### Stored records
▼

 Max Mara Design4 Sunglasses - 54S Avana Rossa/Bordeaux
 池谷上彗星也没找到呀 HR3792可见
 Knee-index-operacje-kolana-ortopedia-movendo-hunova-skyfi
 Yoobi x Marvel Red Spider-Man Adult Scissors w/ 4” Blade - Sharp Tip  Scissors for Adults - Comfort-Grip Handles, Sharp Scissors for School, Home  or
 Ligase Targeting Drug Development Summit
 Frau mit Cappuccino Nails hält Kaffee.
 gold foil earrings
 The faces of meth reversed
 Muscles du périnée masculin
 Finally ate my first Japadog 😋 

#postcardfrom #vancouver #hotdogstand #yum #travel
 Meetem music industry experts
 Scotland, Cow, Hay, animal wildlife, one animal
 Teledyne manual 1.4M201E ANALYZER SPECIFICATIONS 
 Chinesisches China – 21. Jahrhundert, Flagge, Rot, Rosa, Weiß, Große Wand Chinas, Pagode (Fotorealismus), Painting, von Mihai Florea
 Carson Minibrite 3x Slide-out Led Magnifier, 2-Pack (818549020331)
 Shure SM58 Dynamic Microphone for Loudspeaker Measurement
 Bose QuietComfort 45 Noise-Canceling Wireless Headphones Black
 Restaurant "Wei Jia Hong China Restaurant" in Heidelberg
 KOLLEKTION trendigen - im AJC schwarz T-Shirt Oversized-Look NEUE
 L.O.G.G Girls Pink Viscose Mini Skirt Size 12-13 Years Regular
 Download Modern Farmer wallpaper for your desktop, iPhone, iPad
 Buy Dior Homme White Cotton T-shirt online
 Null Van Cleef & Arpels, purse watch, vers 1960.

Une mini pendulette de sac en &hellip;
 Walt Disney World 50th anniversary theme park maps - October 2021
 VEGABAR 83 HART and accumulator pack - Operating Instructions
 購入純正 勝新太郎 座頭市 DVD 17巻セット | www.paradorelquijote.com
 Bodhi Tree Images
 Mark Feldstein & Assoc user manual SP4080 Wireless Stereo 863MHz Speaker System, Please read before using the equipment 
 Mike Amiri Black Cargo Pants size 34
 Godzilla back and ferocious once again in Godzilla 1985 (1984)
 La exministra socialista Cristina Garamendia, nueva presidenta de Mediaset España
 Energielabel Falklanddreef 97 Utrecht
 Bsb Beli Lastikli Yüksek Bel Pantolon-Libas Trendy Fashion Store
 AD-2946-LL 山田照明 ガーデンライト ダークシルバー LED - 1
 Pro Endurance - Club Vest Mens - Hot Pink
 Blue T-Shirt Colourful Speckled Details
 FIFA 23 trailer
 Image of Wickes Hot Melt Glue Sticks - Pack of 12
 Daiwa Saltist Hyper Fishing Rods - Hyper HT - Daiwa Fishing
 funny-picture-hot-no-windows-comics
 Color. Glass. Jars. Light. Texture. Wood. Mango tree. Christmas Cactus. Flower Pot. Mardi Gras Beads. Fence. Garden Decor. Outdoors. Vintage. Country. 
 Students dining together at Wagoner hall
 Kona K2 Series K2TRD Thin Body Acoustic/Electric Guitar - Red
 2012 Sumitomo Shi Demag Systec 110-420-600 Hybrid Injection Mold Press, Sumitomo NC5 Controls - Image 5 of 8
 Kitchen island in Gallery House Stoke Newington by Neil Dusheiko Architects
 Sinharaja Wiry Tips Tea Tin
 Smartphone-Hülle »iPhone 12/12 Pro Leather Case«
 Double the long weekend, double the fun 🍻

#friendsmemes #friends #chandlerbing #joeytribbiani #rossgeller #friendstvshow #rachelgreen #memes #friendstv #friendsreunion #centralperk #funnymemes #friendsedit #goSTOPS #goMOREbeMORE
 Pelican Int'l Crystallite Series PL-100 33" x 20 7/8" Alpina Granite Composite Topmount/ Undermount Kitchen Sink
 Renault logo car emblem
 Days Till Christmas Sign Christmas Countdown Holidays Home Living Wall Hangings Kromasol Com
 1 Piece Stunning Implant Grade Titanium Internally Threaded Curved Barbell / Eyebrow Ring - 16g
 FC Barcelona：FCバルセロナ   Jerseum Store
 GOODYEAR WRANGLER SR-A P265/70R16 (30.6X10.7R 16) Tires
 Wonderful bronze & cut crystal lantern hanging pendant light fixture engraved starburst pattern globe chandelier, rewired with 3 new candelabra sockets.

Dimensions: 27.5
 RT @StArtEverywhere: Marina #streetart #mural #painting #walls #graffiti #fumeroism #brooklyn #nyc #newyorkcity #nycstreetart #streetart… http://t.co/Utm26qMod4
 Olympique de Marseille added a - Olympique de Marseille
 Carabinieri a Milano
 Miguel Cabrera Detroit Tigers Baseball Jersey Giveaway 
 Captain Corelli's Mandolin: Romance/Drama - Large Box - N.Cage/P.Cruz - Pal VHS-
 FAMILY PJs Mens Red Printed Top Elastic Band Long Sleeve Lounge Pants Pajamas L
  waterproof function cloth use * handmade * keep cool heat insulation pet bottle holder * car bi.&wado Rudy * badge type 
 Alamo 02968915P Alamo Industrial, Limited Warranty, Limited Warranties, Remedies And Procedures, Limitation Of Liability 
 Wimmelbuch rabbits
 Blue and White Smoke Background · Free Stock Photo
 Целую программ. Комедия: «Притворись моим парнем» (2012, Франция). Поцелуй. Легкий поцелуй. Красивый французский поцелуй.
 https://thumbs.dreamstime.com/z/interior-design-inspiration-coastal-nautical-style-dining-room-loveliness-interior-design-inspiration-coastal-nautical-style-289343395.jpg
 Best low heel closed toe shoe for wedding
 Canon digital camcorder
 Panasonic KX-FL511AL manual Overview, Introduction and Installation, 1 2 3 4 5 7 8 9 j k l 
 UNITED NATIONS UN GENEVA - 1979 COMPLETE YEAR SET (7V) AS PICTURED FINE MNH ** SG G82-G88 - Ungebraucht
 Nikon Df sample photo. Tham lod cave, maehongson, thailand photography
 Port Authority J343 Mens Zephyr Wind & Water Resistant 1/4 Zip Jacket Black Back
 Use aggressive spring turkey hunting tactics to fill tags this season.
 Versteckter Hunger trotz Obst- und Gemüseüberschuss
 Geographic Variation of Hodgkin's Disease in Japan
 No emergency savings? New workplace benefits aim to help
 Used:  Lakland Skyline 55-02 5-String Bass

▲

### Your goal
All entries given above are to be printed again exactly.

### Your solution
 Max Mara Design4 Sunglasses - 54S Avana Rossa/Bordeaux
 池谷上彗星也没找到呀 HR3792可见
 Knee-index-operacje-kolana-ortopedia-movendo-hunova-skyfi
 Yoobi x Marvel Red Spider-Man Adult Scissors w/ 4” Blade - Sharp Tip  Scissors for Adults - Comfort-Grip Handles, Sharp Scissors for School, Home  or
 Ligase Targeting Drug Development Summit
 Frau mit Cappuccino Nails hält Kaffee.
 gold foil earrings
 The faces of meth reversed
 Muscles du périnée masculin
 Finally ate my first Japadog 😋 

#postcardfrom #vancouver #hotdogstand #yum #travel
 Meetem music industry experts
 Scotland, Cow, Hay, animal wildlife, one animal
 Teledyne manual 1.4M201E ANALYZER SPECIFICATIONS 
 Chinesisches China – 21. Jahrhundert, Flagge, Rot, Rosa, Weiß, Große Wand Chinas, Pagode (Fotorealismus), Painting, von Mihai Florea
 Carson Minibrite 3x Slide-out Led Magnifier, 2-Pack (818549020331)
 Shure SM58 Dynamic Microphone for Loudspeaker Measurement
 Bose QuietComfort 45 Noise-Canceling Wireless Headphones Black
 Restaurant "Wei Jia Hong China Restaurant" in Heidelberg
 KOLLEKTION trendigen - im AJC schwarz T-Shirt Oversized-Look NEUE
 L.O.G.G Girls Pink Viscose Mini Skirt Size 12-13 Years Regular
 Download Modern Farmer wallpaper for your desktop, iPhone, iPad
 Buy Dior Homme White Cotton T-shirt online
 Null Van Cleef & Arpels, purse watch, vers 1960.

Une mini pendulette de sac en &hellip;
 Walt Disney World 50th anniversary theme park maps - October 2021
 VEGABAR 83 HART and accumulator pack - Operating Instructions
 購入純正 勝新太郎 座頭市 DVD 17巻セット | www.paradorelquijote.com
 Bodhi Tree Images
 Mark Feldstein & Assoc user manual SP4080 Wireless Stereo 863MHz Speaker System, Please read before using the equipment 
 Mike Amiri Black Cargo Pants size 34
 Godzilla back and ferocious once again in Godzilla 1985 (1984)
 La exministra socialista Cristina Garamendia, nueva presidenta de Mediaset España
 Energielabel Falklanddreef 97 Utrecht
 Bsb Beli Lastikli Yüksek Bel Pantolon-Libas Trendy Fashion Store
 AD-2946-LL 山田照明 ガーデンライト ダークシルバー LED - 1
 Pro Endurance - Club Vest Mens - Hot Pink
 Blue T-Shirt Colourful Speckled Details
 FIFA 23 trailer
 Image of Wickes Hot Melt Glue Sticks - Pack of 12
 Daiwa Saltist Hyper Fishing Rods - Hyper HT - Daiwa Fishing
 funny-picture-hot-no-windows-comics
 Color. Glass. Jars. Light. Texture. Wood. Mango tree. Christmas Cactus. Flower Pot. Mardi Gras Beads. Fence. Garden Decor. Outdoors. Vintage. Country. 
 Students dining together at Wagoner hall
 Kona K2 Series K2TRD Thin Body Acoustic/Electric Guitar - Red
 2012 Sumitomo Shi Demag Systec 110-420-600 Hybrid Injection Mold Press, Sumitomo NC5 Controls - Image 5 of 8
 Kitchen island in Gallery House Stoke Newington by Neil Dusheiko Architects
 Sinharaja Wiry Tips Tea Tin
 Smartphone-Hülle »iPhone 12/12 Pro Leather Case«
 Double the long weekend, double the fun 🍻

#friendsmemes #friends #chandlerbing #joeytribbiani #rossgeller #friendstvshow #rachelgreen #memes #friendstv #friendsreunion #centralperk #funnymemes #friendsedit #goSTOPS #goMOREbeMORE
 Pelican Int'l Crystallite Series PL-100 33" x 20 7/8" Alpina Granite Composite Topmount/ Undermount Kitchen Sink
 Renault logo car emblem
 Days Till Christmas Sign Christmas Countdown Holidays Home Living Wall Hangings Kromasol Com
 1 Piece Stunning Implant Grade Titanium Internally Threaded Curved Barbell / Eyebrow Ring - 16g
 FC Barcelona：FCバルセロナ   Jerseum Store
 GOODYEAR WRANGLER SR-A P265/70R16 (30.6X10.7R 16) Tires
 Wonderful bronze & cut crystal lantern hanging pendant light fixture engraved starburst pattern globe chandelier, rewired with 3 new candelabra sockets.

Dimensions: 27.5
 RT @StArtEverywhere: Marina #streetart #mural #painting #walls #graffiti #fumeroism #brooklyn #nyc #newyorkcity #nycstreetart #streetart… http://t.co/Utm26qMod4
 Olympique de Marseille added a - Olympique de Marseille
 Carabinieri a Milano
 Miguel Cabrera Detroit Tigers Baseball Jersey Giveaway 
 Captain Corelli's Mandolin: Romance/Drama - Large Box - N.Cage/P.Cruz - Pal VHS-
 FAMILY PJs Mens Red Printed Top Elastic Band Long Sleeve Lounge Pants Pajamas L
  waterproof function cloth use * handmade * keep cool heat insulation pet bottle holder * car bi.&wado Rudy * badge type 
 Alamo 02968915P Alamo Industrial, Limited Warranty, Limited Warranties, Remedies And Procedures, Limitation Of Liability 
 Wimmelbuch rabbits
 Blue and White Smoke Background · Free Stock Photo
 Целую программ. Комедия: «Притворись моим парнем» (2012, Франция). Поцелуй. Легкий поцелуй. Красивый французский поцелуй.
 https://thumbs.dreamstime.com/z/interior-design-inspiration-coastal-nautical-style-dining-room-loveliness-interior-design-inspiration-coastal-nautical-style-289343395.jpg
 Best low heel closed toe shoe for wedding
 Canon digital camcorder
 Panasonic KX-FL511AL manual Overview, Introduction and Installation, 1 2 3 4 5 7 8 9 j k l 
 UNITED NATIONS UN GENEVA - 1979 COMPLETE YEAR SET (7V) AS PICTURED FINE MNH ** SG G82-G88 - Ungebraucht
 Nikon Df sample photo. Tham lod cave, maehongson, thailand photography
 Port Authority J343 Mens Zephyr Wind & Water Resistant 1/4 Zip Jacket Black Back
 Use aggressive spring turkey hunting tactics to fill tags this season.
 Versteckter Hunger trotz Obst- und Gemüseüberschuss
 Geographic Variation of Hodgkin's Disease in Japan
 No emergency savings? New workplace benefits aim to help
 Used:  Lakland Skyline 55-02 5-String Bass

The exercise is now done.